[Beowulf] PVM on wireless...

Thu Feb 7 10:53:04 PST 2008

Hi Robert/Rob/RGB!  :-)

  On Thu, Feb 07, 2008 at 12:55:31PM -0500, Robert G. Brown wrote:
  > On Wed, 6 Feb 2008, kohlja at ornl.gov wrote:
  >> Hey Gang!
  >> Sounds like you're having some "fun" with PVM over wireless...?  :-)
  >> (A buddy (Wael Elwasif) forwarded your discussion to me;
  >> please always feel free to copy "pvm at msr.csm.ornl.gov"
  >> with PVM inquiries when you get stuck.  I try to be
  >> pretty responsive, though this is all unfunded work now... :)

  > Bless you.

De nada, you're welcome.  :-)

  > However, I've just manage to figure the problem out on my own.  It is,
  > after all, a firewall issue... <snip/>

Ah, Good!  Glad that's all it was, not that it wasn't a hassle to identify! :)

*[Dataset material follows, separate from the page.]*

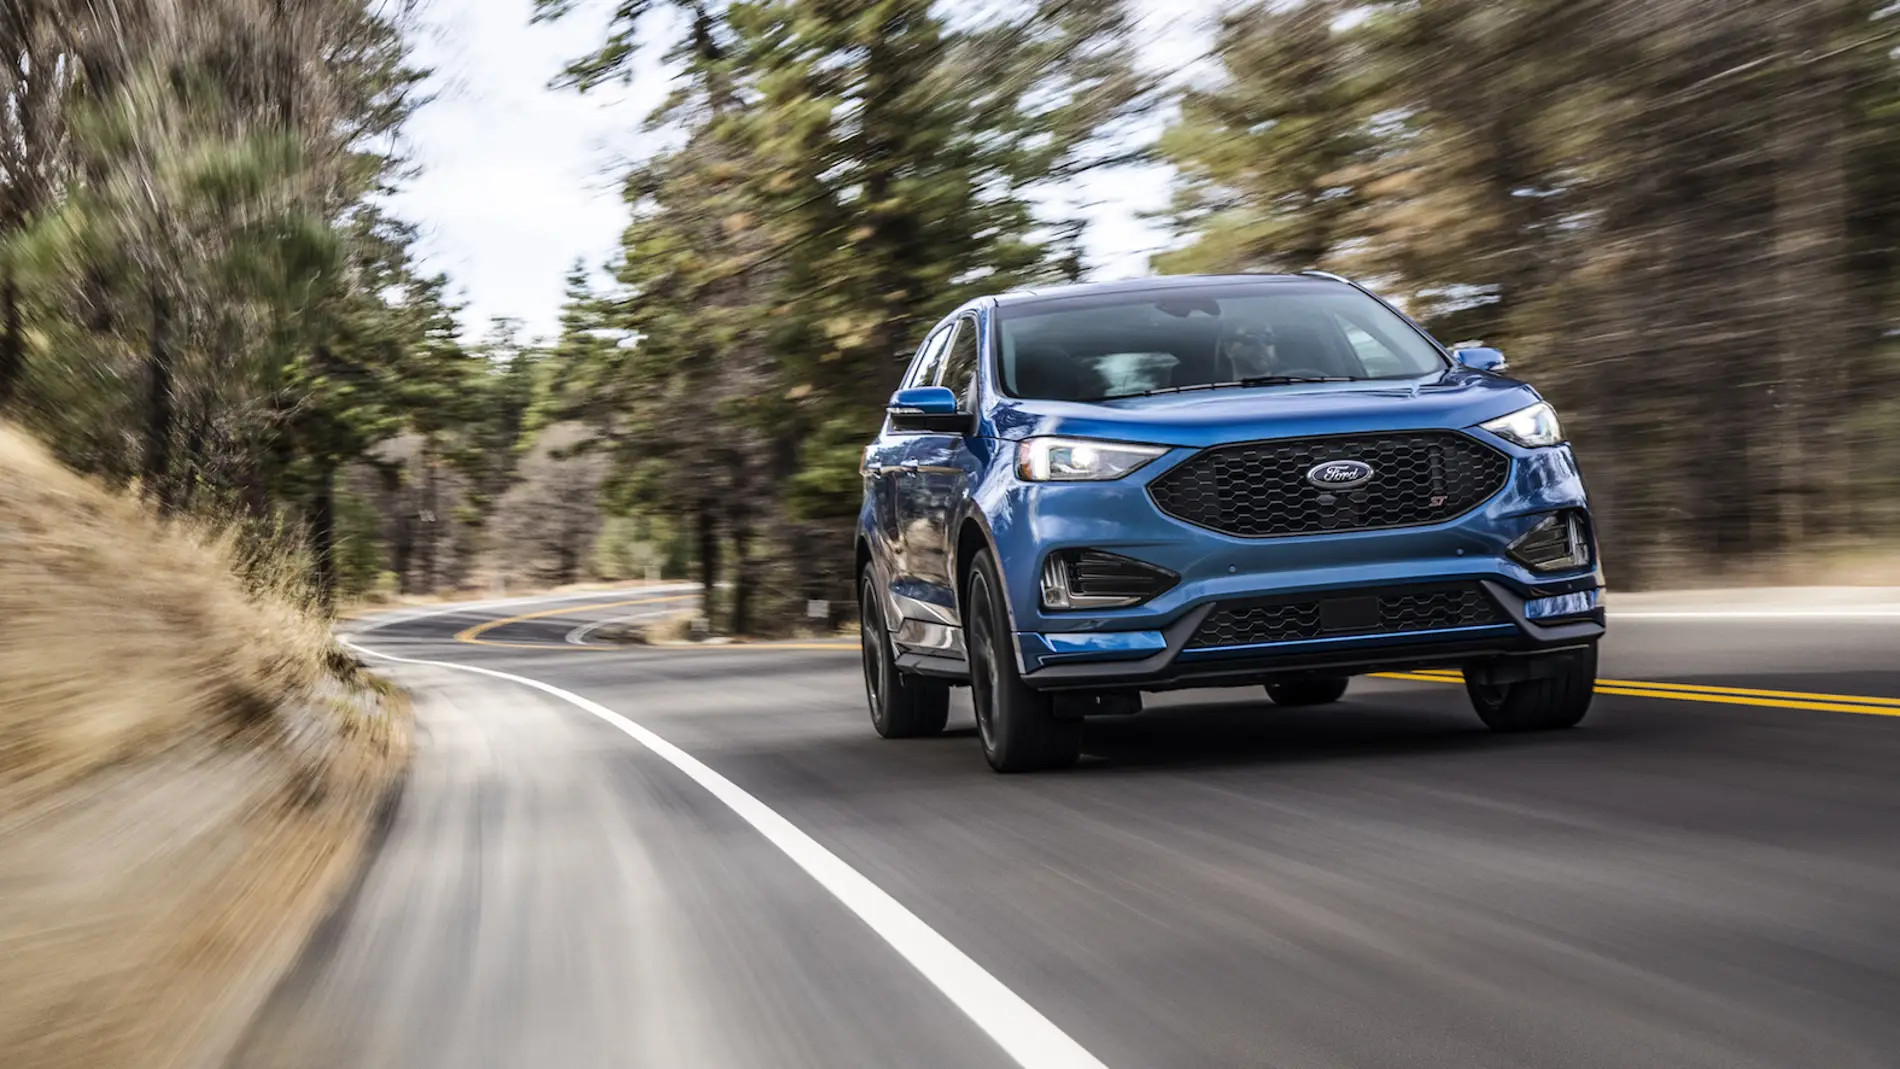 2019-ford-edge-st-photos-and-full-info-news-car-and-driver-photo-699972-s-original.jpg

Sorry it was so non-obvious from the PVM side of things...  :-b

  > While I've got the One True PVM Human(s) on the line, though...

Mwuahahahahahaaaa...  :-)

  > -- a suggestion for PVM to help others avoid this problem in the future
  > on networks wired and wireless:

  > It would really, really help if man pvm (or man pvmd or man pvm_intro)
  > documented a suitable firewall setting that will let PVM function
  > without just turning off the firewall altogether.  There is no pvm setup
  > in /etc/services, for example, no pvm checkbox in the panels managed by
  > system-config-firewall in the latest Fedoras, no suggestion as to what
  > what protected port(s) or ranges one has to enable explicitly.  In fact
  > for once even google is failing me -- I'm not finding a lot of
  > documentation or remarks by ANYONE on what ports pvm needs open (besides
  > ssh, which obviously is open and works).  Usually as long as the
  > spawning of a network application itself works using an enabled
  > protected port (in this case, I would have expected ssh), the secondary
  > ports opened in unprotected space just work.  Am I wrong in this?  Do I
  > need to explicitly open more ports somewhere?

Ah Yes.  O.K., so I wish it was that simple, but alas PVM can use as
many ports as you have machines in your cluster, or could use just 1.  :-}

Normally, the master pvmd creates/accepts connections over a small
set of ports, possibly 1, but if PvmRouteDirect is enabled in a PVM
application, then a myriad of direct-connection socket links are
created, to link whichever machines the local PVM application tasks
communicate with, on a demand-driven basis...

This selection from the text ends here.